If the reserve margin is 15% and the system is 1,800 MW of peak load with 2,070 MW of available capacity under median-year assumptions, a 36 MW ELCC reduction from solar stress takes available capacity to 2,034 MW — a 13% reserve margin, below the 15% planning threshold. The plan passes in the median and fails in the P90 solar year. That is a real adequacy risk that a median-only IRP missed entirely.
We're not saying every IRP needs to be planned against P90 solar conditions — that would result in systematic over-procurement of dispatchable capacity. We're saying that the IRP should explicitly quantify the LOLE impact of a low-solar year, make that risk visible, and decide whether additional adequacy hedges (battery storage, demand response contracts, extended gas peaker availability) are warranted based on that quantified risk rather than treating median-year assumptions as conservative planning.
Correlated weather risk across the portfolio
A single-site capacity factor stress test understates the risk in a regional portfolio, because low-irradiance years are driven by regional-scale climate patterns that affect all sites in a geographic footprint simultaneously. A utility with 800 MW of solar spread across ten sites in Colorado and New Mexico is not holding ten statistically independent capacity factor risks — the sites are highly correlated in their annual energy output because they are all under the influence of the same synoptic-scale forcing.
The correlation structure between sites in a regional portfolio should be explicitly characterized in the IRP stress test. Two sites 40 km apart in similar terrain may have a 0.85–0.90 correlation in annual GHI. Two sites 400 km apart across a mountain range may have a 0.60–0.70 correlation — lower, but still substantially correlated relative to what a diversification-assumes-independence model would imply. Portfolio-level ELCC in a stressed year should be computed using correlated production profiles, not as a simple sum of uncorrelated individual ELCCs.
What this means for capacity procurement decisions
The practical implication for IRP process is that solar capacity needs to be represented in the model with a distribution over annual performance outcomes, not a single central estimate. That distribution should be derived from site-specific irradiance history, ideally 20+ years, supplemented by climatological analysis of the relationship between large-scale climate indices and regional irradiance anomalies.

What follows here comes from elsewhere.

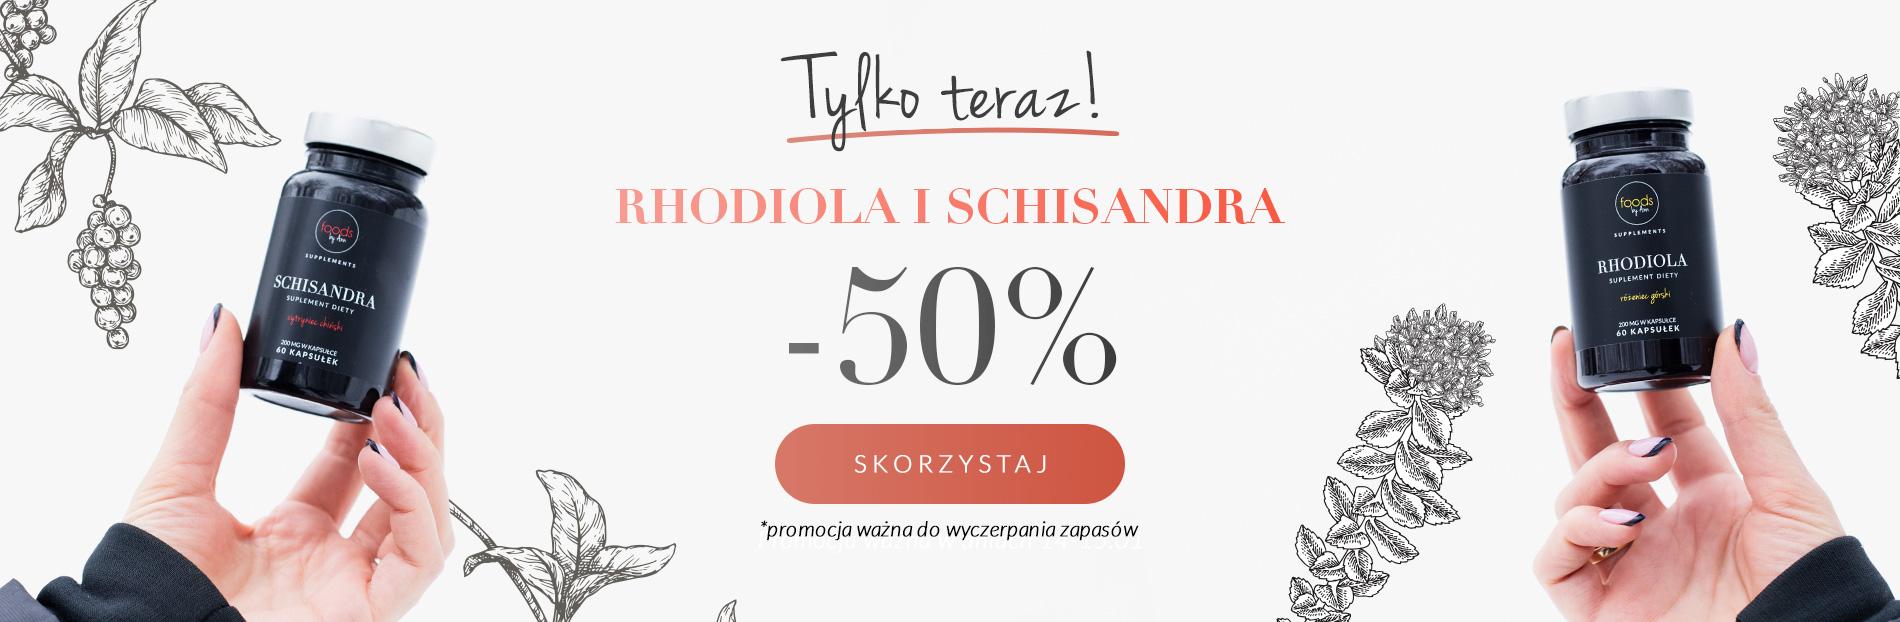 Foods by Ann Foods by Ann: 50% rabatu na suplementy diety Rhodiola i Schisandra
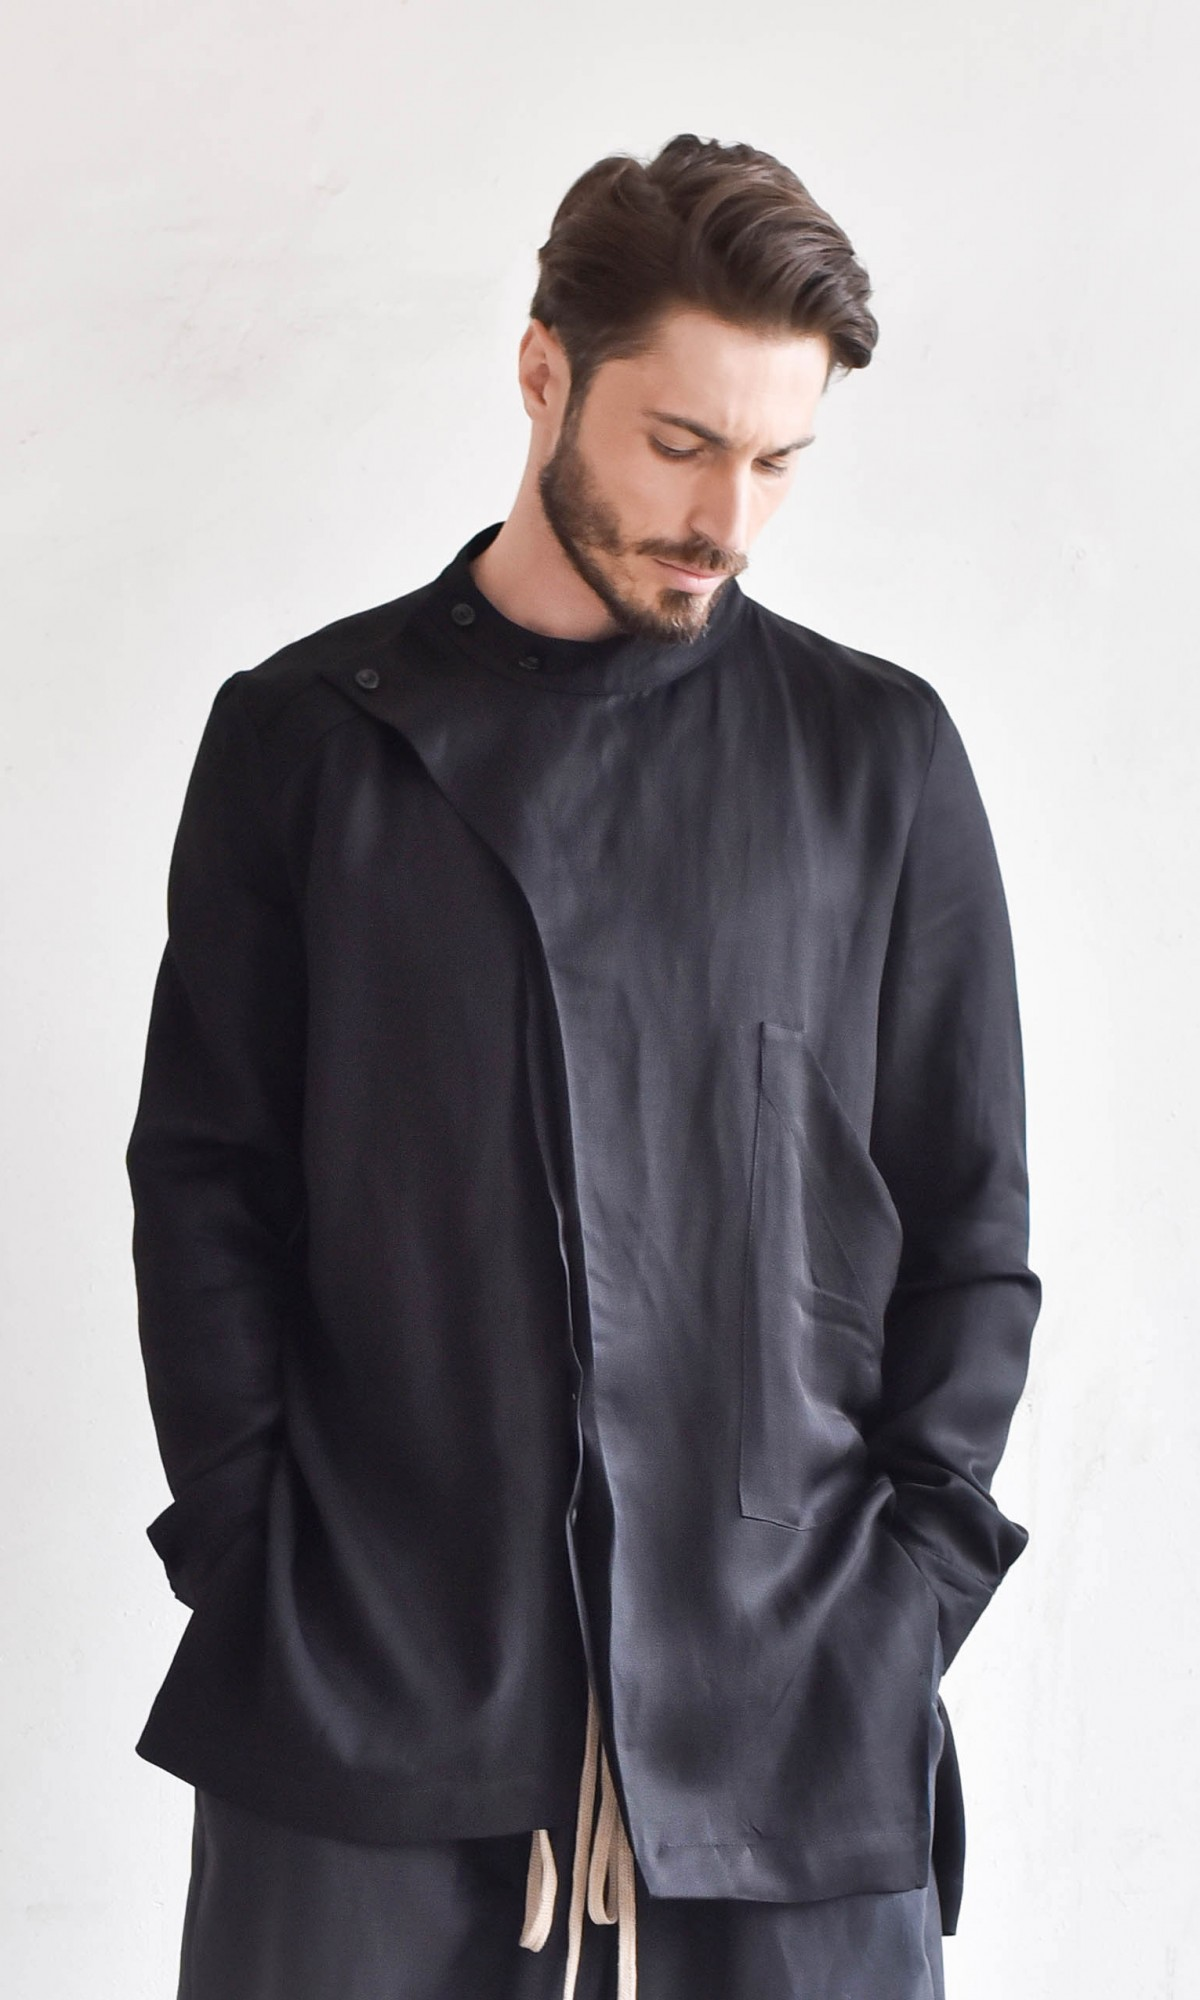 Asymmetric High Collar Loose Shirt A11706M

Battery storage paired with solar changes the analysis further: the battery's contribution to ELCC depends partly on how often it can be fully charged during peak irradiance hours, which is itself a function of the solar capacity factor distribution. A storage-plus-solar system's combined ELCC in a P90 solar year is more complex to characterize than either asset separately, and it requires production profiles for both assets under correlated atmospheric forcing.
The quality of the long-range capacity planning output is bounded by the quality of the renewable performance characterization going into the model. Getting that characterization right — using probabilistic distributions rather than single-point capacity factor assumptions, characterizing regional correlation structure, and stress-testing against tail climate scenarios — is where the investment in better data and better methodology has its highest return in IRP work.